Unit 2, Lesson 5 of 8

Unit 2.5 | Advanced Problem Solving – Tension and Elevators

Jason
18 minutes
2 formulas
15 questions
1 videos

18 minutes
2 formulas
15 questions
1 videos

Jason Kuma

Writer | Coach | Builder | Fremont, CA

This lesson will focus on tension forces present in hanging objects and elevators. The majority of the content will be in video format to show my step by step working.

This course article contains videos that can only be accessed once enrolled in the Learn AP Physics from Scratch Course.

Unit 2 Breakdown

You are on Lesson 5 of 8:

In this lesson:

Solve tension and elevator problems
Practice hard static tension problems (hanging signs)
Practice non-static tension problems (moving elevators)
Learn what apparent weight is

New Problems, Same Framework

Attempt to solve the questions below before watching the video solution (will show for enrolled course members)

Note that I will use the exact framework covered in the last lesson to solve all problems: (1) draw an FBD, (2) Find net forces in the x and y direction, (3) use F = ma, and (4) Solve!

Problem #1

Question – A large 30kg ladder is suspended from the top of a building by two ropes. The rope on the left makes an angle of 50° angle to the vertical, while the rope to the right makes a 70° angle to the horizontal. What is the tension in the left rope?

Problem #2

Question – A 1000 kg elevator traveling down, accelerates down at a rate of 2 m/s². Find the tension (T₁) in the elevator cable. Now suppose an identical elevator traveling up decelerates at a rate of 2 m/s². Find the tension (T₂) in the elevator cable.

PS #1 and #2

Apparent Weight

Apparent weight is what something seems to weigh.

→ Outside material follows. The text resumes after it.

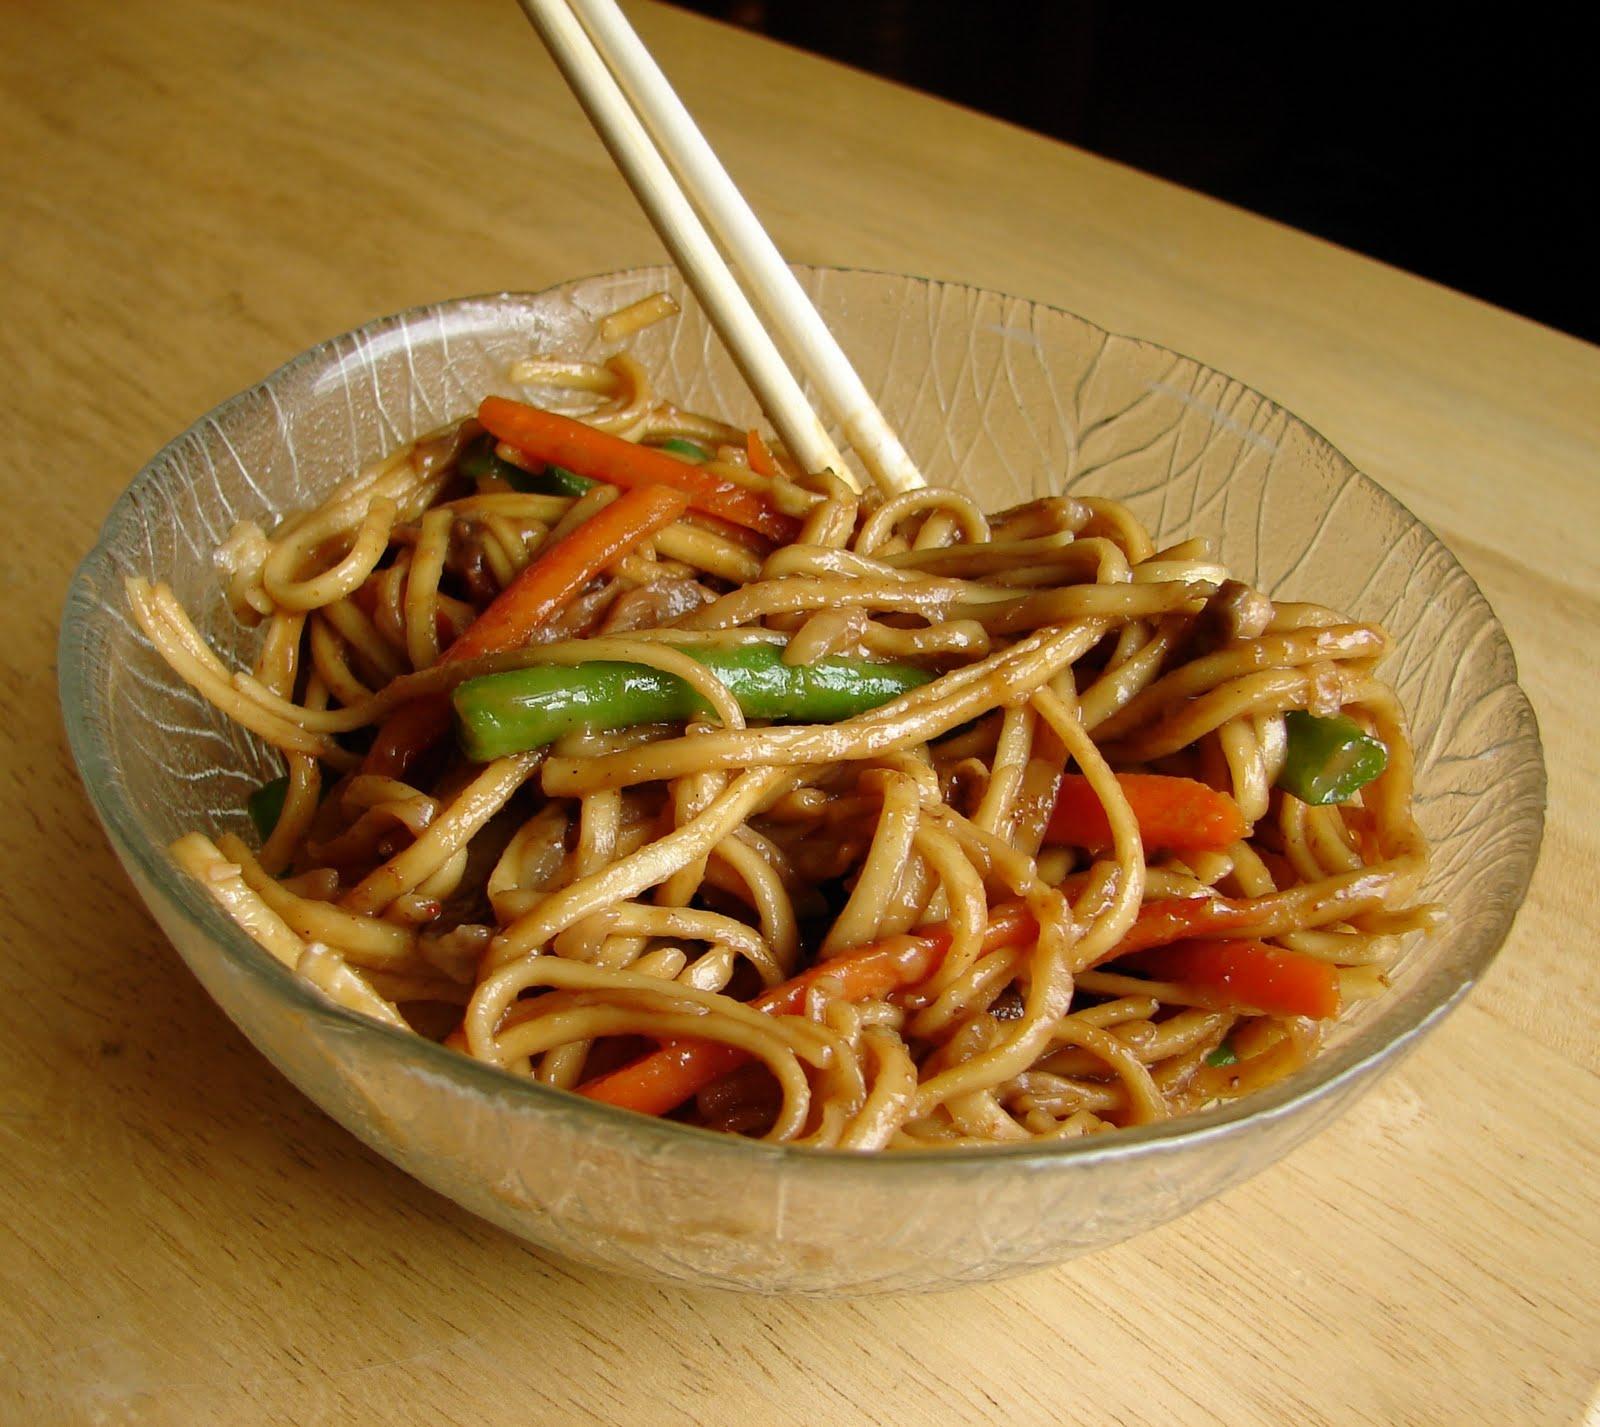 Nummy Kitchen: Giada's Vegetable Chow Mein

Image yourself on a roller coaster. There are some points where you will feel very light and, some points where you feel very heavy.

Throughout the ride, however, you never actually lost or gained weight. It’s just what we feel.

This situation also happens in elevators, cars, in the pool, etc. Imagine going over a bump on the road. You will momentarily feel lighter.

This is what we call apparent weight, and it’s really just our normal force.

Visual Representation

Below are two FBDs of the same person, John, demonstrating apparent weight.

3 Force body digrams. Each one has a different normal force acting on the mass, signifying different apparent weights.

#1 shows a John standing on the ground. This is his “normal state.” John will feel neither light nor heavy.

#2 shows a John with his normal force greater than his weight. He will feel heavier than he actually is since the ground (normal force) is greater than usual.

#3 shows John with a normal force less than his weight. He will feel lighter in the situation since the ground is not pushing on him as hard as it normally does.

Finding Apparent Weight

You can solve for apparent weight, by calculating normal force.

Stepping on a scale reads your normal force (how hard it pushes back on you) rather than your weight (how hard you push on the scale)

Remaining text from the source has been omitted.